Léonidas se détourna alors, son regard se perdant dans l'horizon lointain. « Maintenant, je comprends qu'il faut être plus que ce que l'on attend de nous. La cour, ma mère, le royaume... ils veulent que je sois ce qu'ils imaginent. Mais je veux être celui que je dois être. »
Un silence s'installa entre eux. Selene, observant ses traits marqués par une nouvelle gravité, se rendit compte qu'il était plus que jamais sur le point de faire des choix difficiles. Des choix qui ne concernaient pas seulement le royaume, mais aussi lui-même, et les personnes qui l'entouraient. Elle savait que son rôle ici n'était plus celui de simple spectatrice ; elle se trouvait à la croisée des chemins, un pont entre ce que Léonidas avait été et ce qu'il était en train de devenir.

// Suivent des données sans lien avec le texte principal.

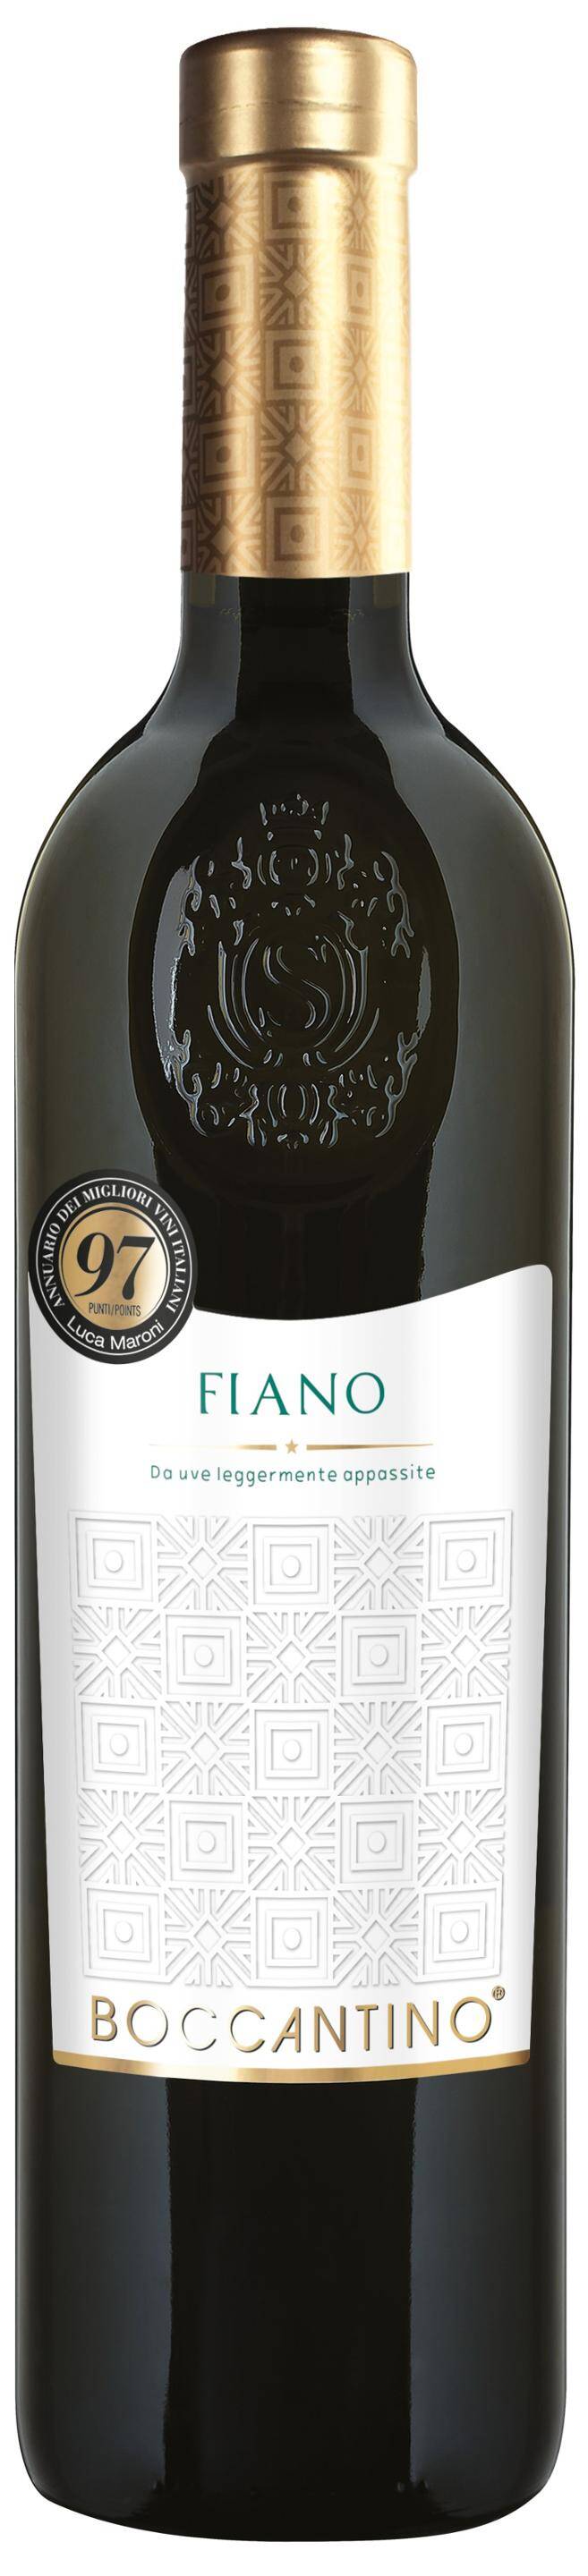 Wino włoskie SCH Boccantino Fiano Salento IGT 13,5% BW 750ml/6
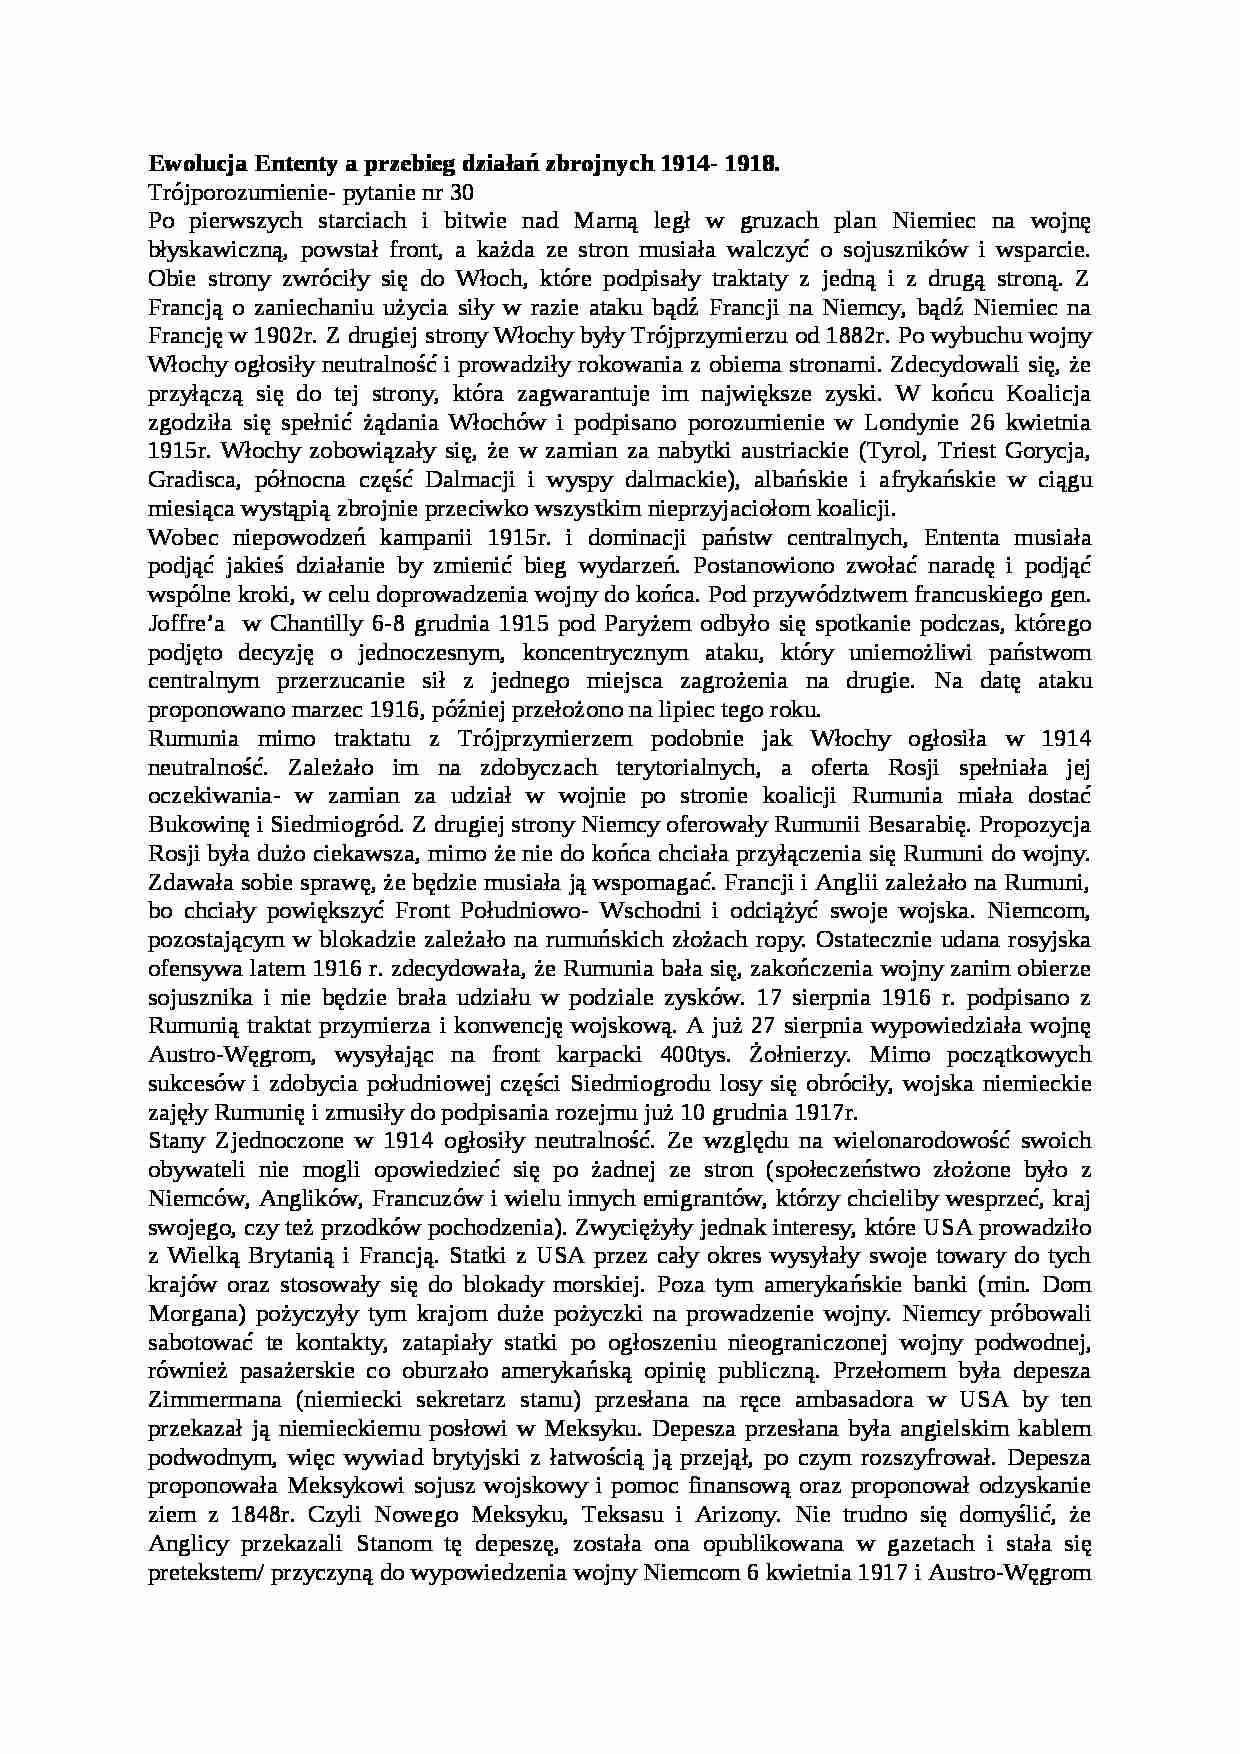 Wykład - Ewolucja Ententy a przebieg działań zbrojnych 1914-1918 - strona 1

« Vous allez devoir vous battre pour ce que vous croyez, » dit-elle finalement. « Et ce ne sera pas facile. »
Léonidas tourna enfin son regard vers elle, ses yeux sombres brillants d'une détermination nouvelle. « Je le sais. Mais ce combat ne sera pas uniquement pour moi. Ce sera pour tous ceux qui, comme vous, m'ont montré qu'il existe un autre chemin. »
Elle le fixa longuement, puis, dans un mouvement presque imperceptible, hocha la tête. « Alors, allez jusqu'au bout. Ne revenez jamais en arrière. »
Il ne répondit pas immédiatement. Il ne pouvait pas. Il savait que ces mots, prononcés par Selene, étaient bien plus qu'un simple encouragement. Ils étaient un ultime test, un défi que lui-même allait devoir surmonter. La cour, la politique, le pouvoir, tout cela n'était qu'une partie du problème. Le véritable défi résidait dans la façon dont il allait s'accepter lui-même, comment il allait décider de répondre à la vie qui l'attendait. Et Selene, en un simple geste de soutien, venait de lui rappeler que la véritable liberté, parfois, réside dans le fait de savoir qui l'on est réellement, au-delà des apparences et des attentes des autres.
Le vent léger soufflait entre eux, emportant avec lui la promesse d'un changement inéluctable. Un changement qui, bien qu'incertain et fragile, était désormais entre leurs mains. Et, ensemble, ils allaient devoir l'affronter, un pas à la fois.